Comparing Gen-AI to the Brain Solves the Copyright Conundrum

Does generative AI really present a gaggle of copyright brainteasers? Or are the answers relatively simple, based on old law? Below are the three key questions roiling the industry and the courts – along with their answers, IMHO.

  1. Do generative AI operators infringe copyright when they train their models (machine learning) on copyrighted content freely available to the public? NO.
  2. Do gen-AI operators infringe copyright when they use facts, ideas, and styles from copyrighted training data to produce original content? NO.
  3. Do gen-AI operators infringe copyright when they produce output substantially similar to copyrighted training data? YES.

My answer to question 3 will be unpopular with many gen-AI providers. My answers to questions 1 and 2, on the other hand, support their arguments. But I come at the problem from a different direction (at least, different from the arguments I’ve seen). It all boils down to a comparison between machine learning and the human brain.

generative AI ... resembling a human brain – or vice versa

I don’t infringe your copyright when I store your words in my brain.

Let’s say you write an article protected by copyright, and I read it – but I don’t keep an electronic or hard copy. I do, however, retain a lot of your words … in my brain. I have a good memory, so I could probably write a similar article using roughly the same words. And if I have a photographic memory, I retain all your words and could write a nearly identical article. (Either article would infringe your copyright, but more on that later.)

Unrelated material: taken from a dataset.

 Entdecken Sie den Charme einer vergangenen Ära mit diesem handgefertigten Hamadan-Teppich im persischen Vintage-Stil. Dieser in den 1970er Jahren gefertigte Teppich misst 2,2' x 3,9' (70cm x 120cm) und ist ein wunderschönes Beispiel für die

How do I retain so much of your expression in my brain? A neuroscientist might say something about new or stronger neural pathways – and possibly throw in terms like “synaptic plasticity” and “action potential.” But science has a weak grasp on the process. Do my neural pathways save a mental photocopy of your words? Does a copy exist in my brain before I try to remember your words, or are they reassembled only when needed? We don’t know.1The Queensland Brain Institute offers a short summary of what we do know, or at least some of it: “How are memories formed?”

Fortunately, we don’t need to know for copyright purposes. England’s Queen Elizabeth I once said, “I have no desire to make windows into men’s souls.” Copyright law follows her wise example. It does not make windows into our mental data storage systems. Whatever “copying” system my brain uses for your words – or your song, painting, photo, etc. – it doesn’t infringe your copyright.2Coincidentally, modern copyright law began with another of England’s few reigning queens. In 1710, just over a century after QE-1 died, Parliament passed The Statute of Anne, under Elizabeth’s cousin many times removed: Queen Anne of Great Britain and Ireland.

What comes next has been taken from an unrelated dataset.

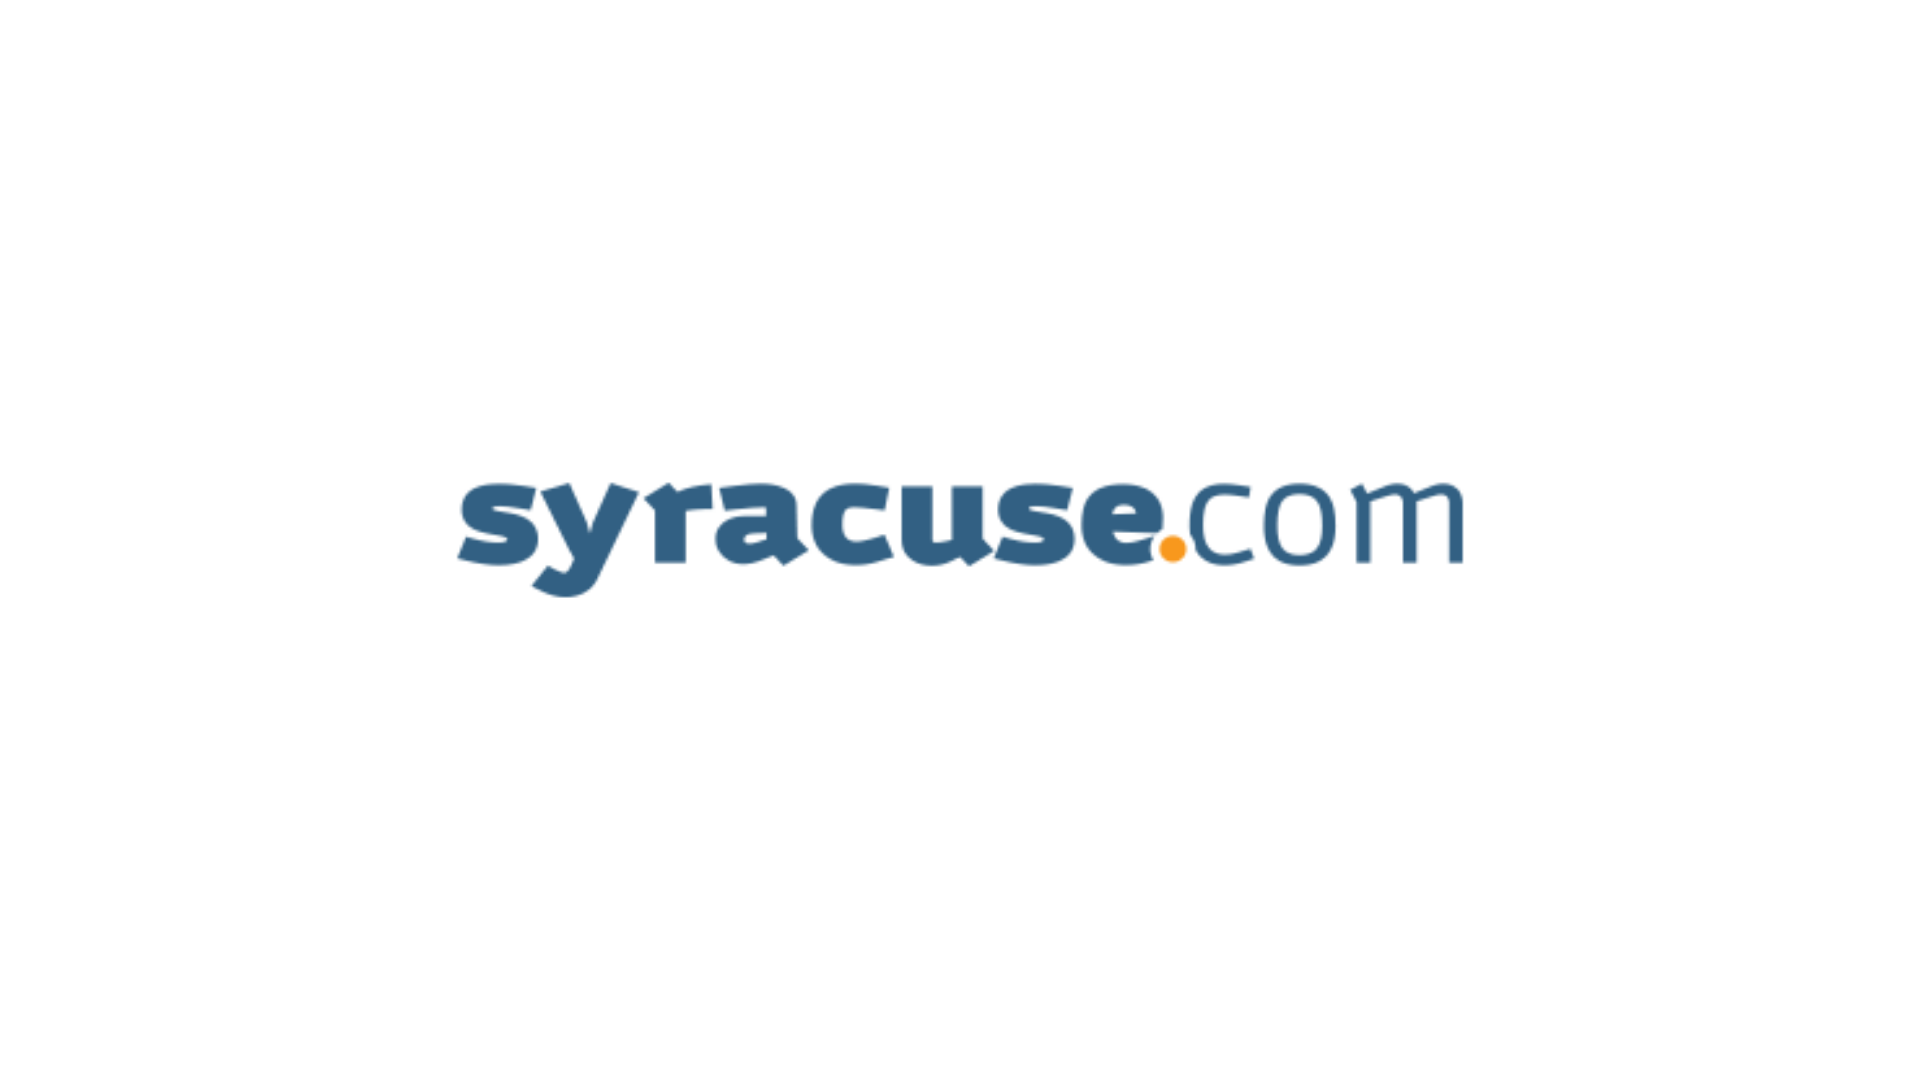 syracuse.com Press

Machine learning doesn’t infringe either.

It’s just about as hard to explain how a large language model or other machine learning system uses training data. Does it make a copy? Some AI engineers will say “no.” But keep asking questions and you’ll end up dubious … or confused.

Queen Elizabeth I after defeating the Spanish Armada, c. 1588
QE-1 had the right idea. Copyright doesn’t demand windows into men’s souls … or into super-complex computers’ innards.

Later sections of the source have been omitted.